We think you need these skills to ace Member of Engineering
Some tips for your application 🫡
Show Your Passion for AI: When writing your application, let us see your enthusiasm for artificial intelligence and data quality. Share any relevant projects or experiences that highlight your commitment to pushing the boundaries in this field.
Tailor Your CV and Cover Letter: Make sure to customise your CV and cover letter to reflect the specific skills and experiences mentioned in the job description. We want to see how your background aligns with our mission at Poolside!
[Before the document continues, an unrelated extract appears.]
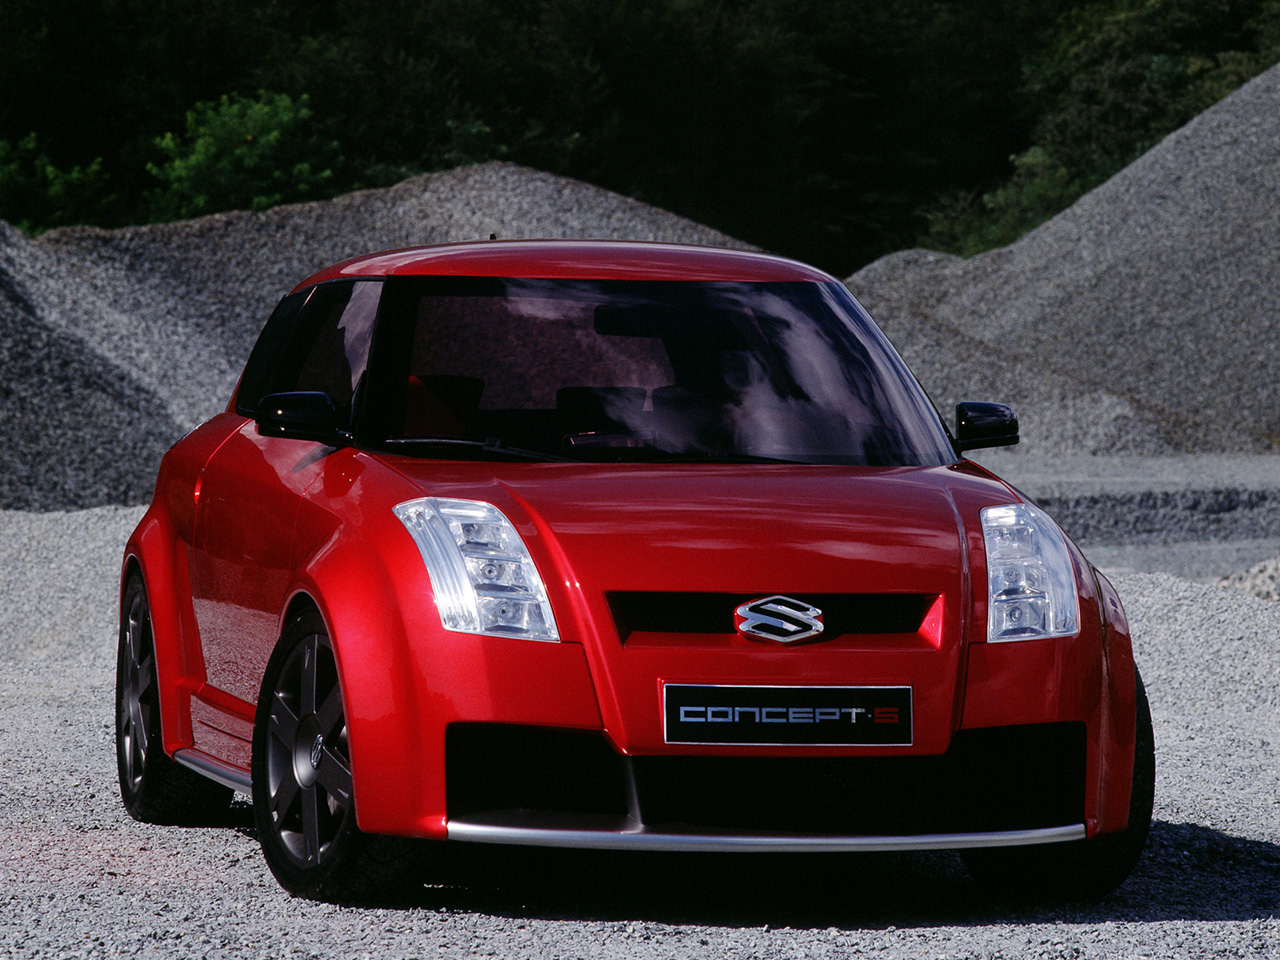 Suzuki Concept S, 2002

Highlight Collaboration Skills: Since you'll be working closely with various teams, emphasise your ability to collaborate effectively. Mention any past experiences where teamwork led to successful outcomes, especially in engineering or research contexts.
Apply Through Our Website: We encourage you to apply directly through our website. It’s the best way for us to receive your application and ensures you’re considered for the role. Plus, it shows you’re keen on joining our team!
How to prepare for a job interview at poolside
✨Know Your Stuff
Make sure you brush up on the latest research related to Large Language Models (LLMs) and data quality. Familiarise yourself with relevant open-source datasets and models, as this will show your passion and commitment to the field.
✨Showcase Your Experience
Be ready to discuss your hands-on experience with machine learning and engineering. Highlight any projects where you've designed complex data pipelines or worked with large-scale GPU clusters. Concrete examples will help you stand out!
✨Collaborative Spirit
Since the role involves working closely with various teams, demonstrate your ability to collaborate effectively. Share examples of how you've successfully worked in cross-functional teams and maintained short feedback loops to improve project outcomes.
✨Ask Insightful Questions
Prepare thoughtful questions about the company's approach to dataset design and pretraining. This not only shows your interest but also gives you a chance to gauge if their values align with yours. Plus, it makes for a great conversation starter!